■ **Data to examine**:

□ □ □ □

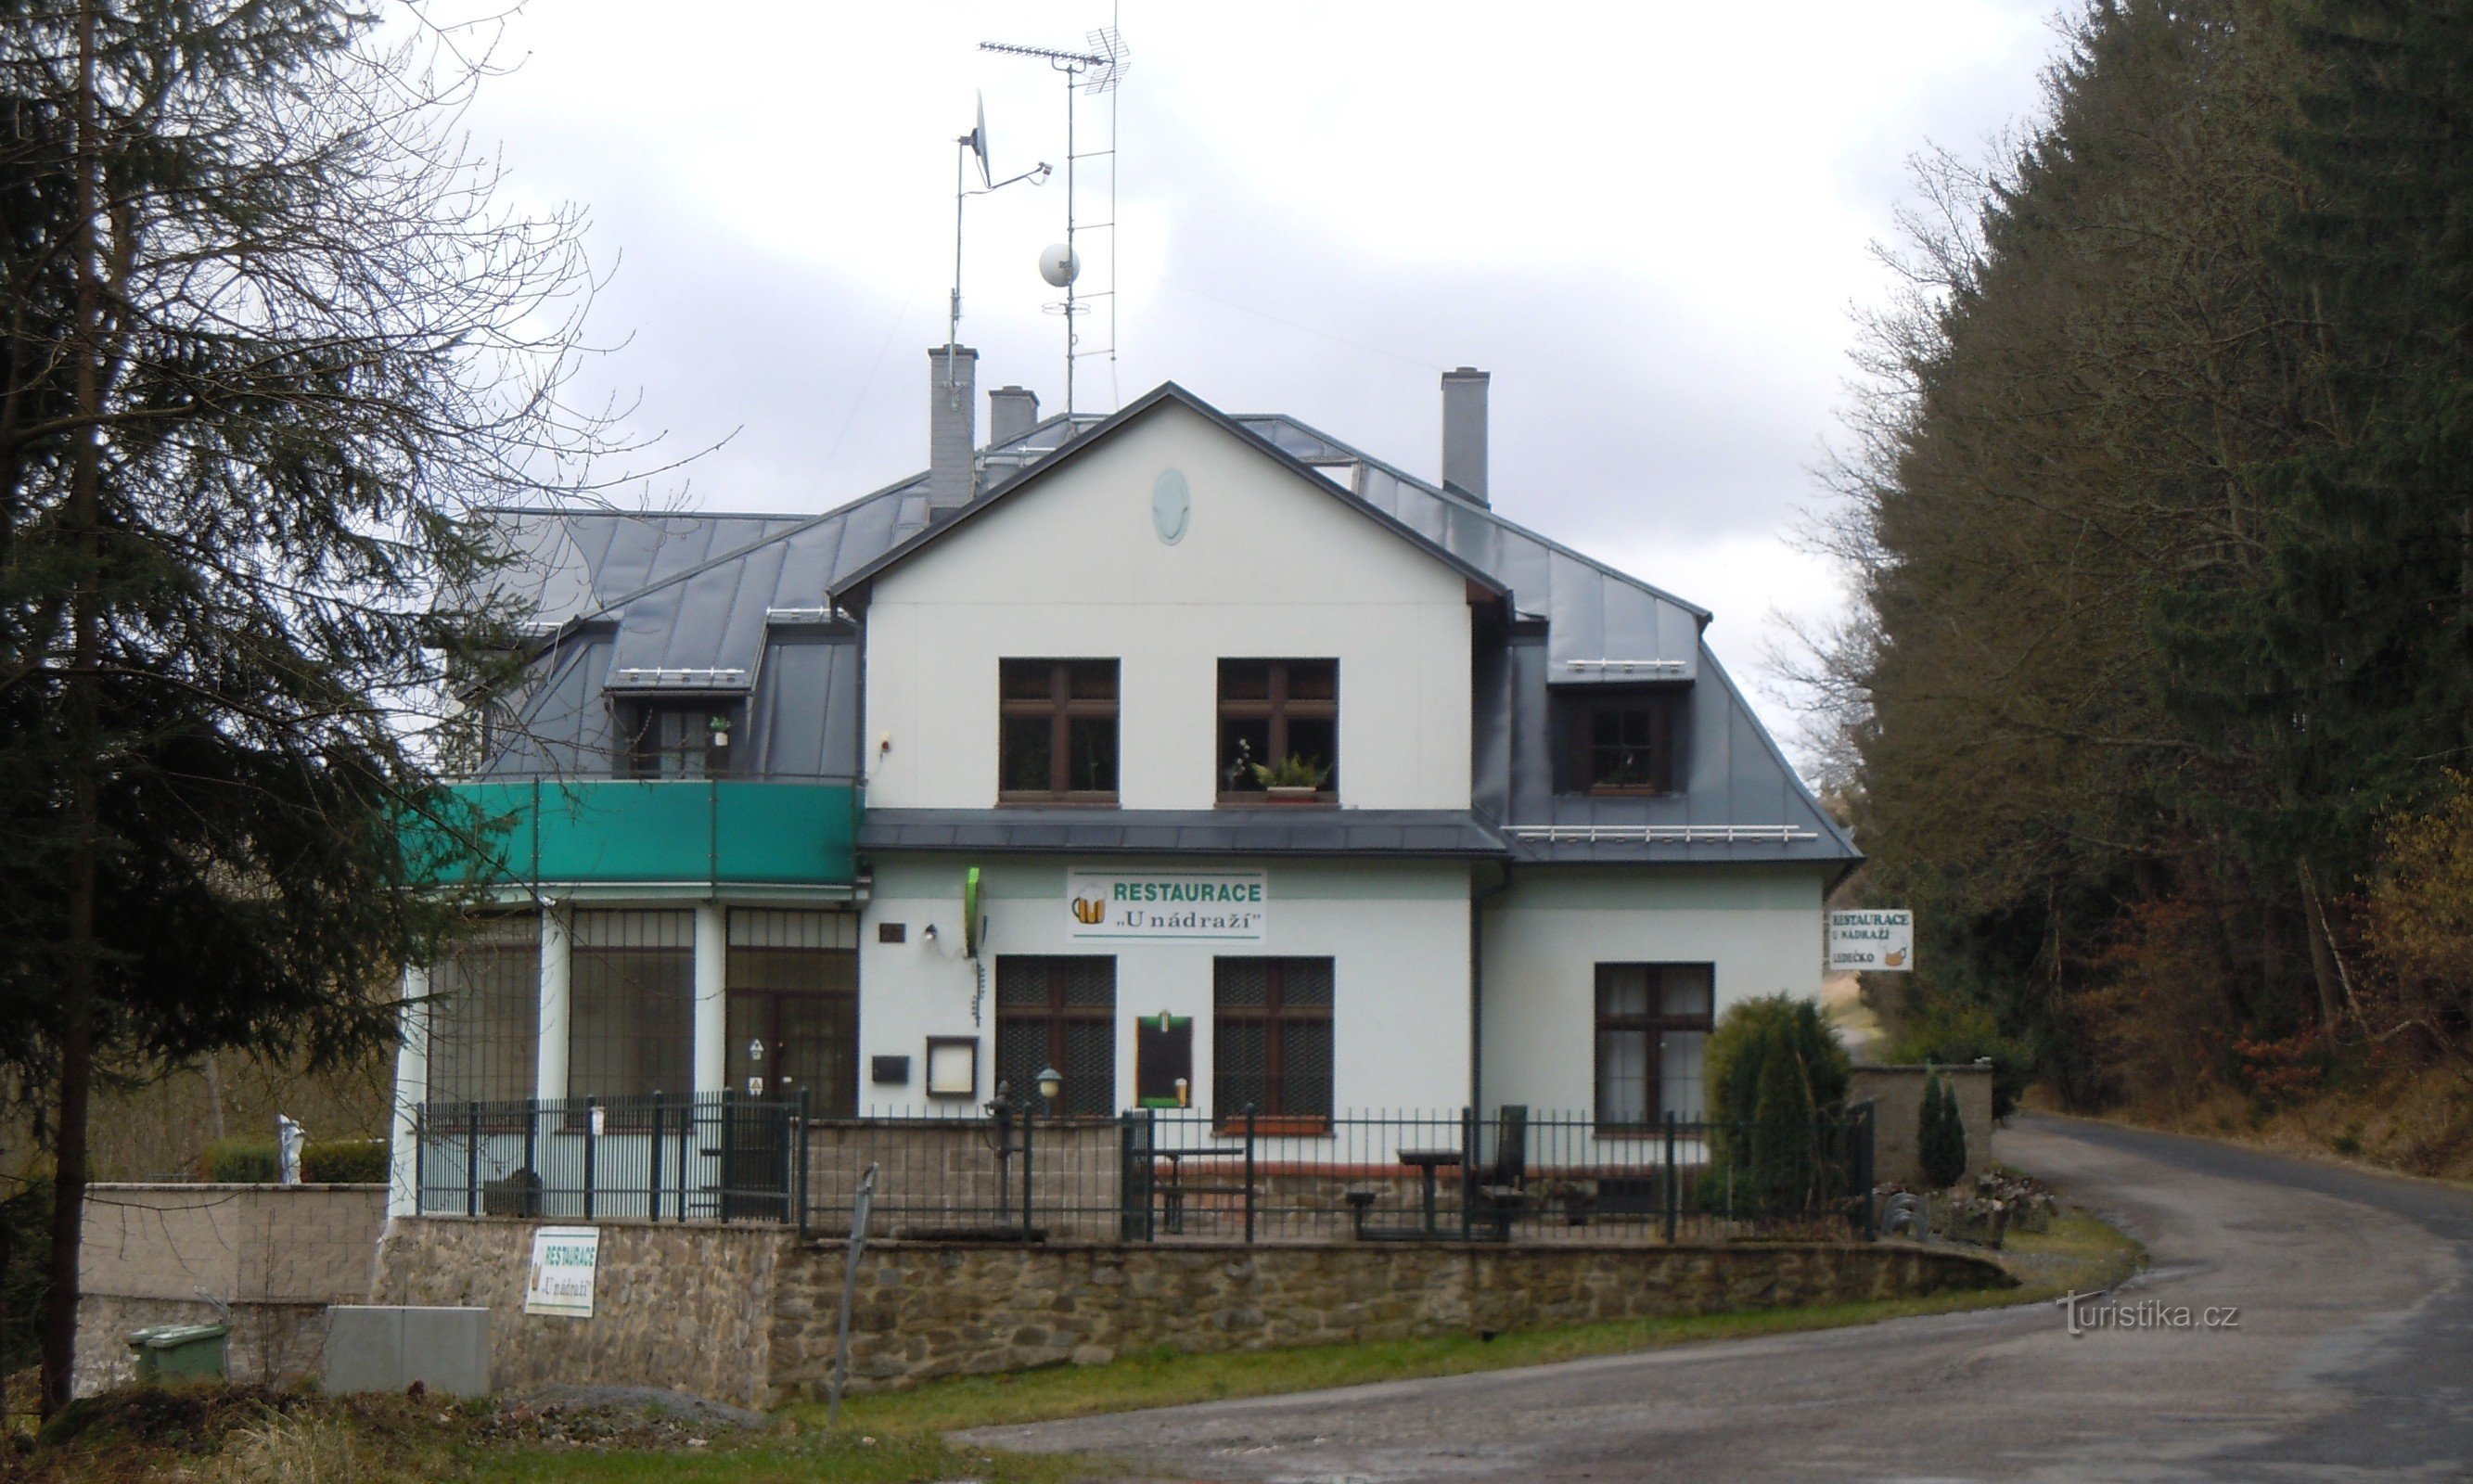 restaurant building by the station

□ □ □ □

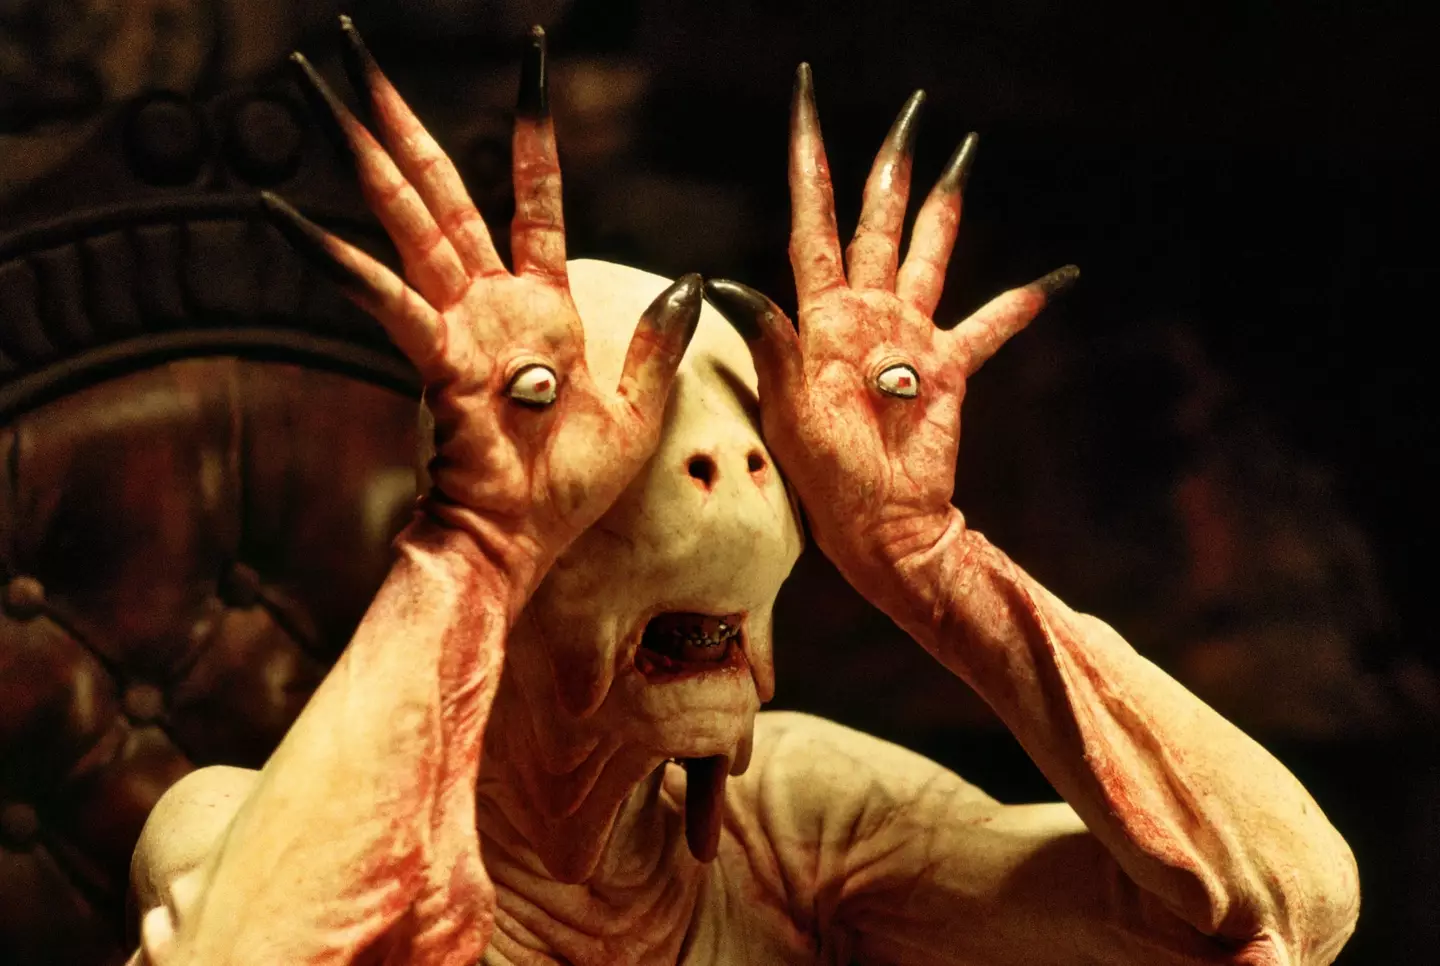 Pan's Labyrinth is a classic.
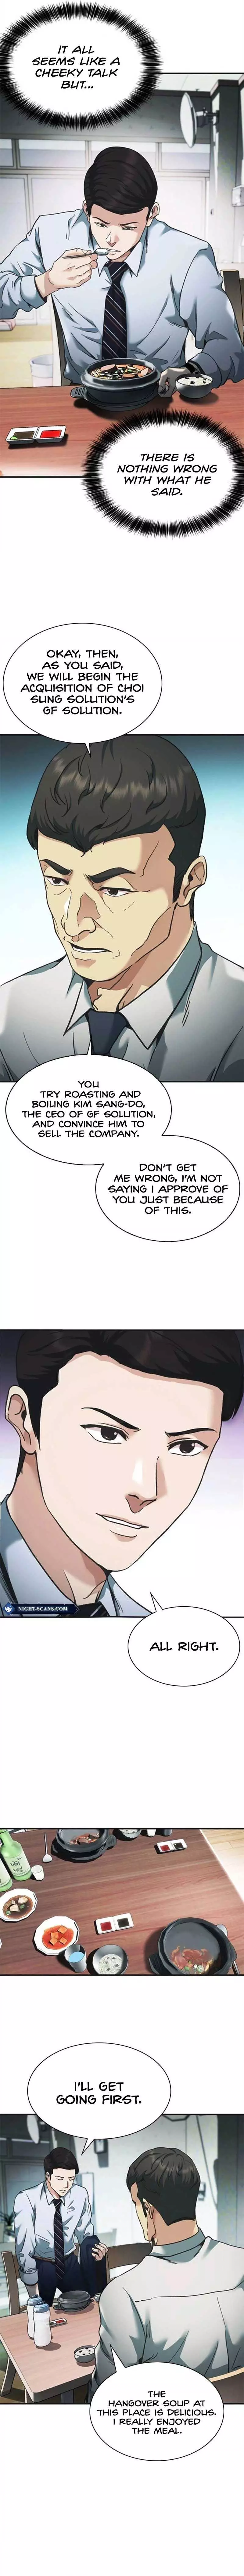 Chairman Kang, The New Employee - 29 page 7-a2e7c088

□ □ □ □

■ **What the task requires**: Nothing but the lines from the one containing "Pan's Labyrinth is a classic." through the one containing "Chairman Kang, The" should appear, copied exactly from the material above and without pictures.

■ **Reply to the exercise**:
 Pan's Labyrinth is a classic.
 Chairman Kang, The New Employee - 29 page 7-a2e7c088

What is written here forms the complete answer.